Ilustrasi membaca sayyidul istighfar (photo/pexels/@michael-burrows)
INDOZONE.ID - Setiap manusia pasti pernah salah. Entah itu dosa besar atau kecil, disengaja atau tidak.
Ironisnya, kita sering lebih sibuk menilai kekeliruan orang lain, sementara lupa bahwa diri sendiri pun tak luput dari noda dosa.
Padahal, yang paling kita butuhkan bukan pembelaan diri, melainkan ampunan dari Allah.
Dalam Islam, salah satu amalan paling sederhana namun memiliki dampak luar biasa adalah istighfar.
Bukan sekadar rutinitas lisan, tetapi bentuk kesadaran bahwa manusia adalah hamba yang lemah dan sangat membutuhkan rahmat-Nya.
Baca juga: Kesimpulan adalah: Pengertian, Fungsi, Ciri-ciri, serta Contohnya
Rasulullah SAW mengajarkan lafaz istighfar yang ringkas namun penuh makna:
“Astaghfirullāhal-‘Aẓīm, alladzī lā ilāha illā Huwal-Ḥayyul-Qayyūm, wa atūbu ilaih.”

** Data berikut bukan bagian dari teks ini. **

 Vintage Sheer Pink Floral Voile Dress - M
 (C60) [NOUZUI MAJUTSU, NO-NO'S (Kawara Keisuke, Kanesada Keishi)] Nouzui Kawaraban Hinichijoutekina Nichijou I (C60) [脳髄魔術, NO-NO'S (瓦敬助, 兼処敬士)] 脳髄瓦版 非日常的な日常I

Artinya: “Aku memohon ampun kepada Allah Yang Maha Agung, tidak ada sesembahan yang berhak disembah selain Dia, Yang Maha Hidup dan Maha Berdiri Sendiri, dan aku bertaubat kepada-Nya.”
Kalimat ini bukan hanya pengakuan dosa, tetapi juga penguatan tauhid dan komitmen untuk kembali kepada Allah.
Mengakui kesalahan dengan jujur jauh lebih menenangkan hati daripada sibuk membandingkan dosa diri sendiri dengan dosa orang lain — karena perbandingan tak pernah menyucikan jiwa.
Baca juga: Pengertian Apresiasi Adalah: Makna, Tahapan, Tujuan, dan Fungsinya Secara Lengkap
Keutamaan istighfar ditegaskan langsung oleh Rasulullah SAW. Dalam hadits yang diriwayatkan dari Abdullah bin Abbas radhiyallahu ‘anhuma, beliau bersabda:
“Barang siapa membiasakan istighfar, Allah akan memberinya jalan keluar dari setiap kesempitan, menghilangkan setiap kesedihan, dan memberinya rezeki dari arah yang tidak disangka-sangka.” (HR. Abu Dawud)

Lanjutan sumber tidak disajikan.